*** SUPPLIED DATA
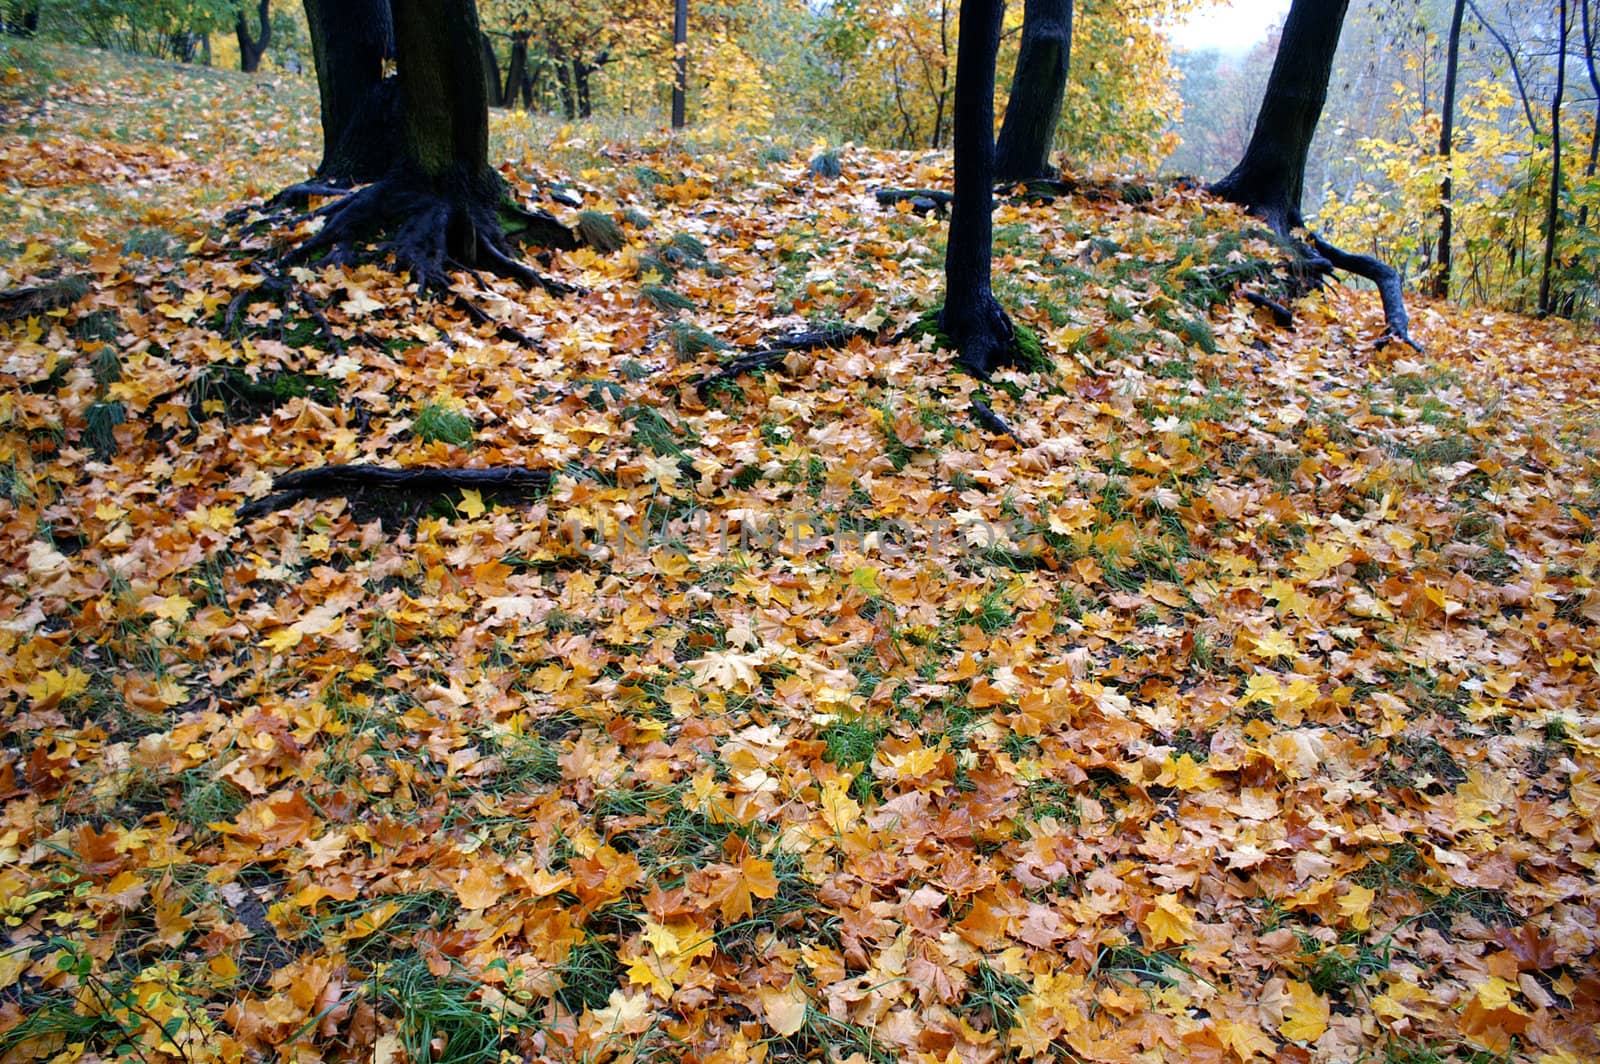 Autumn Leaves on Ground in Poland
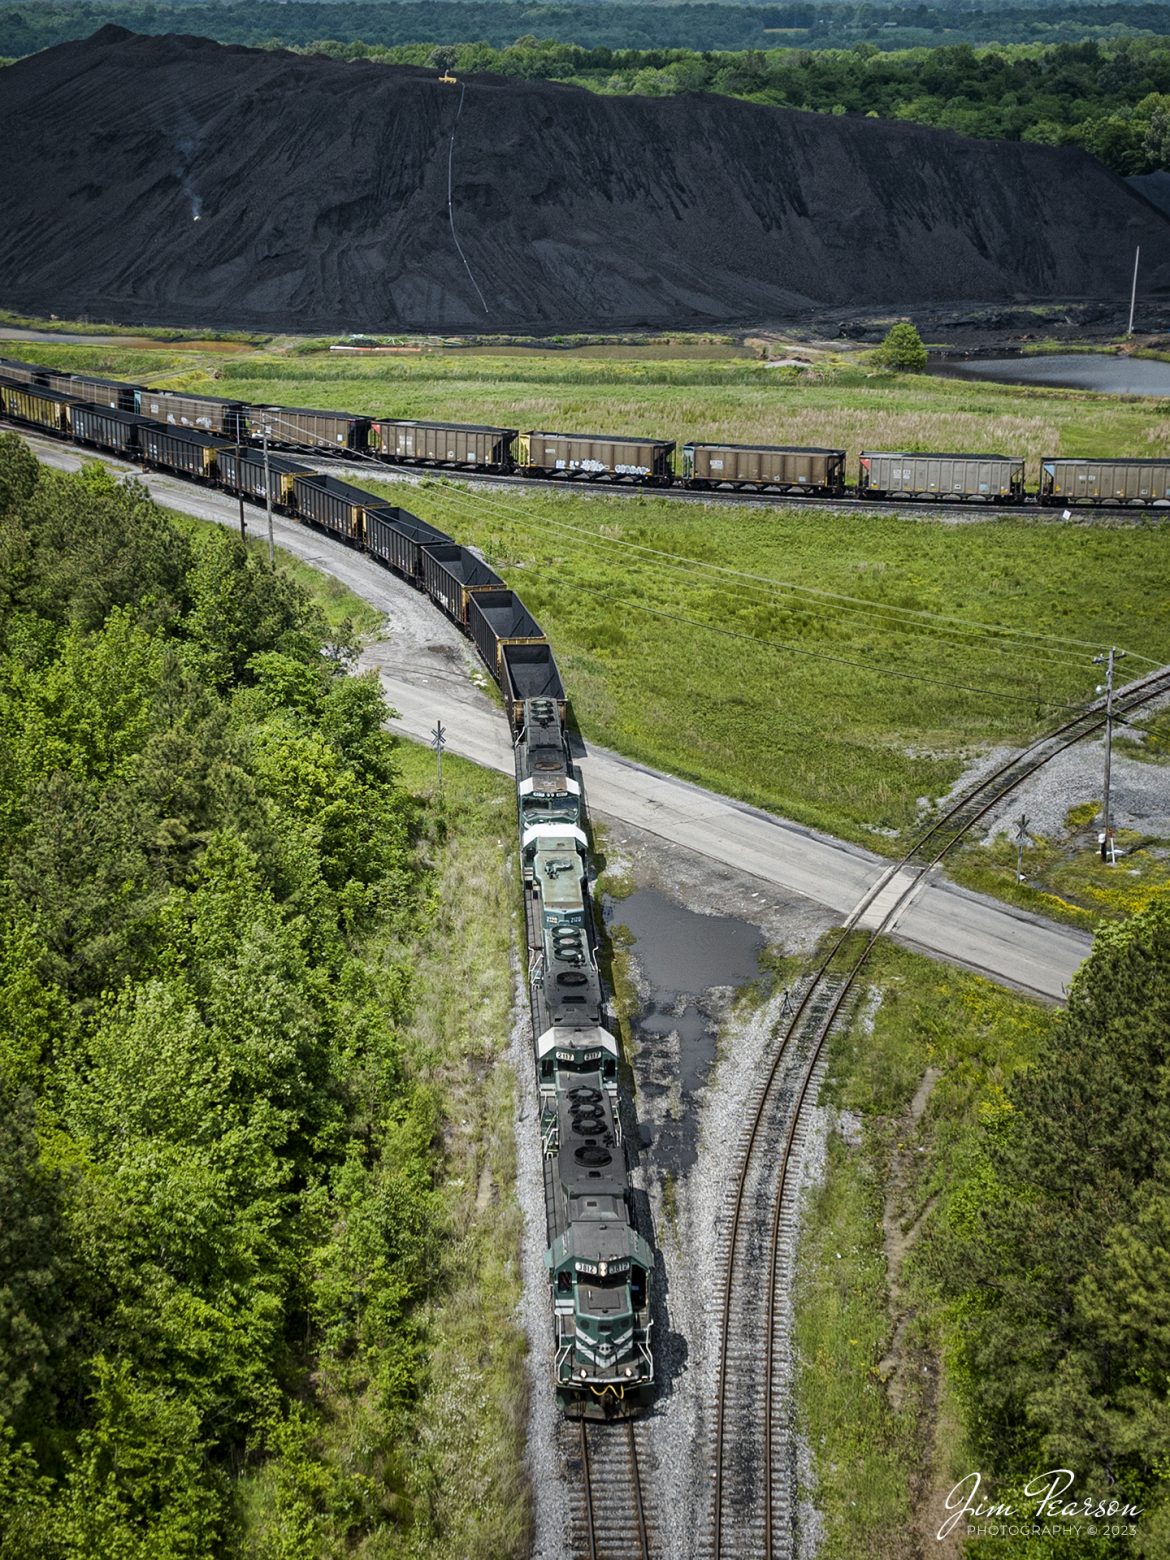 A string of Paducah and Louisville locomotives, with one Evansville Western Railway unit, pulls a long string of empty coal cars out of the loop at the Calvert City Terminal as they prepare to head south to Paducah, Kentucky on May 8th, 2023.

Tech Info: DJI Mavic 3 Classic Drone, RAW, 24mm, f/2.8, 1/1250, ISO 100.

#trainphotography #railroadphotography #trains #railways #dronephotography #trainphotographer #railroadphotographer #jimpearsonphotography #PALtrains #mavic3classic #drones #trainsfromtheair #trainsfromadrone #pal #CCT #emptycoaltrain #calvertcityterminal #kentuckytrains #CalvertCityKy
******
*** SUPPLIED DATA
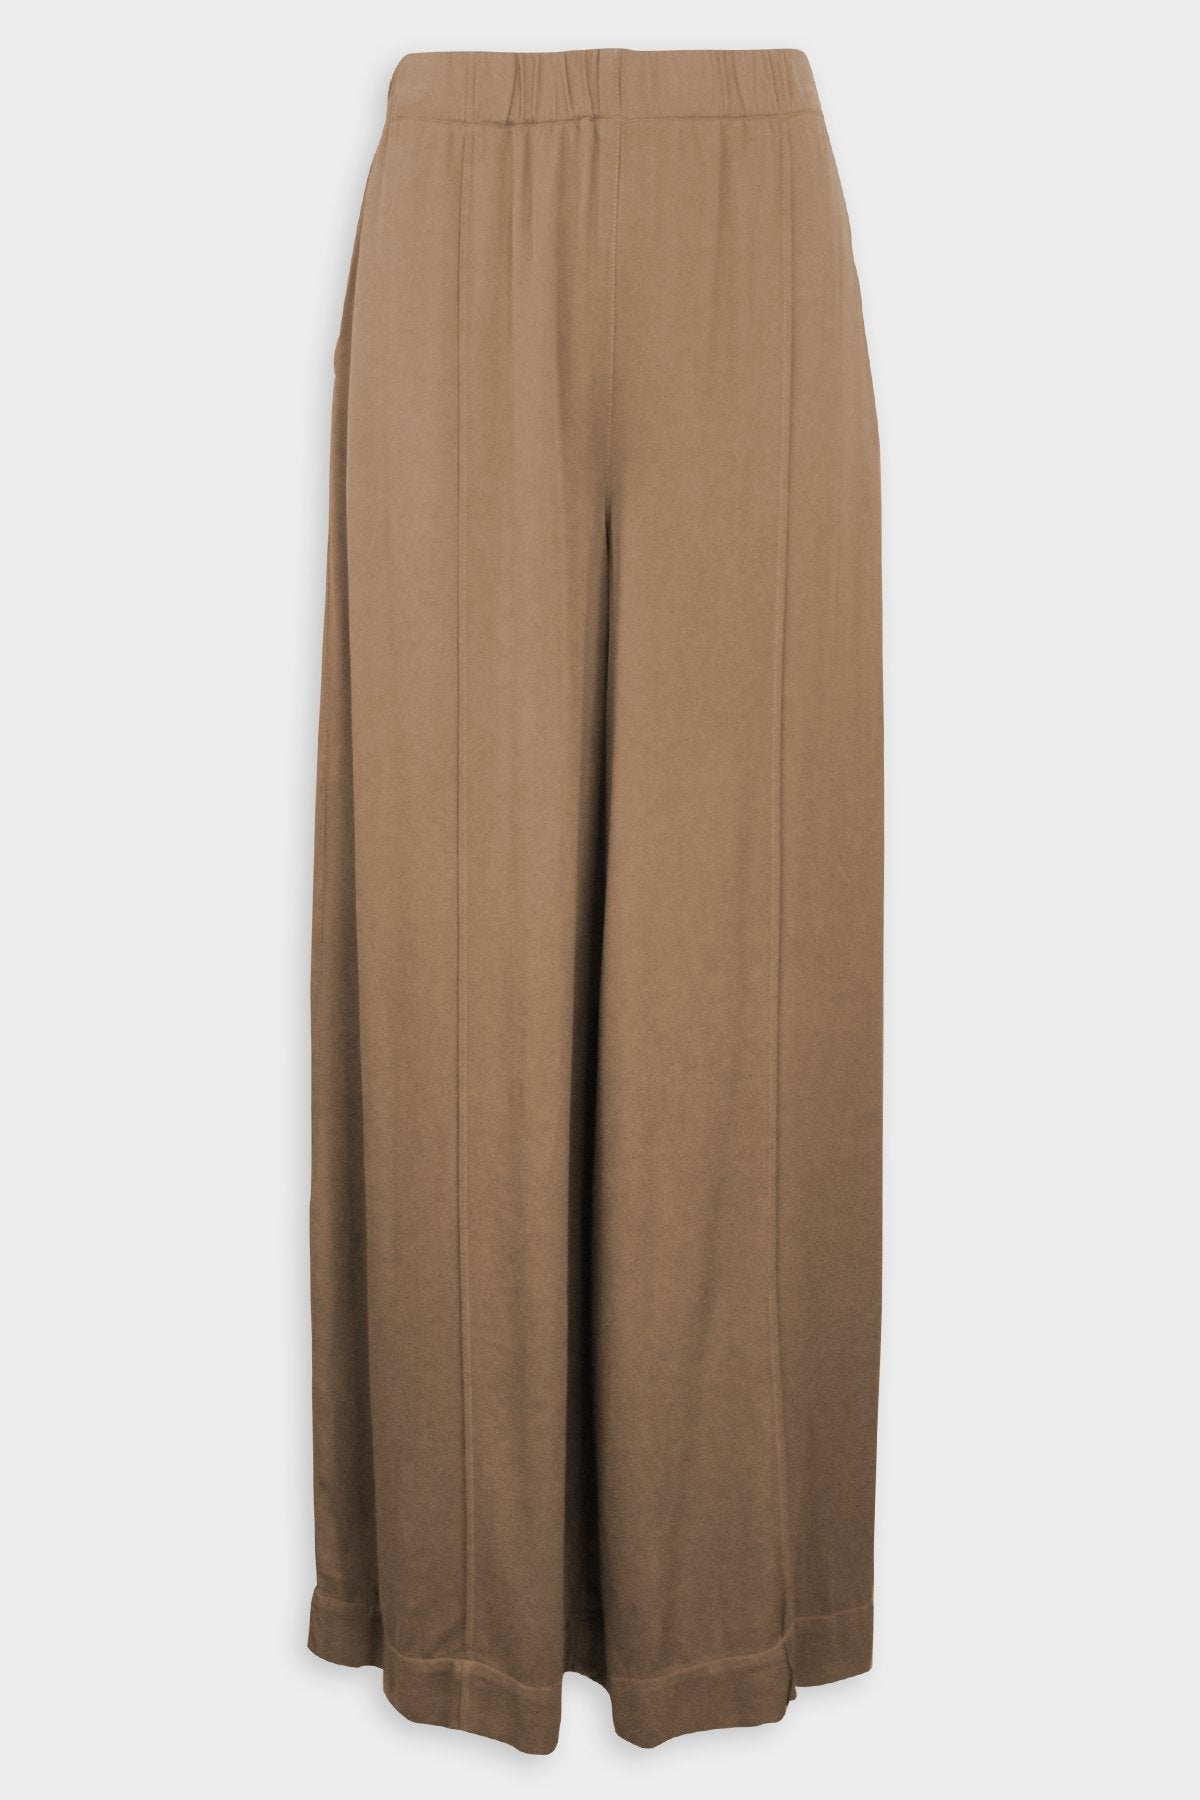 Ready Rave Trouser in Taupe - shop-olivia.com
******
**ABOUT THIS TASK:** Transcribe, from the material above, the stretch starting at the line with "Autumn Leaves on Ground in Poland" and ending at the line with "#trainphotography #railroadphotography #trains", both included, exactly. Do not carry over pictures.

**OUTPUT OF THE EXERCISE:**
 Autumn Leaves on Ground in Poland
 A string of Paducah and Louisville locomotives, with one Evansville Western Railway unit, pulls a long string of empty coal cars out of the loop at the Calvert City Terminal as they prepare to head south to Paducah, Kentucky on May 8th, 2023.

Tech Info: DJI Mavic 3 Classic Drone, RAW, 24mm, f/2.8, 1/1250, ISO 100.

#trainphotography #railroadphotography #trains #railways #dronephotography #trainphotographer #railroadphotographer #jimpearsonphotography #PALtrains #mavic3classic #drones #trainsfromtheair #trainsfromadrone #pal #CCT #emptycoaltrain #calvertcityterminal #kentuckytrains #CalvertCityKy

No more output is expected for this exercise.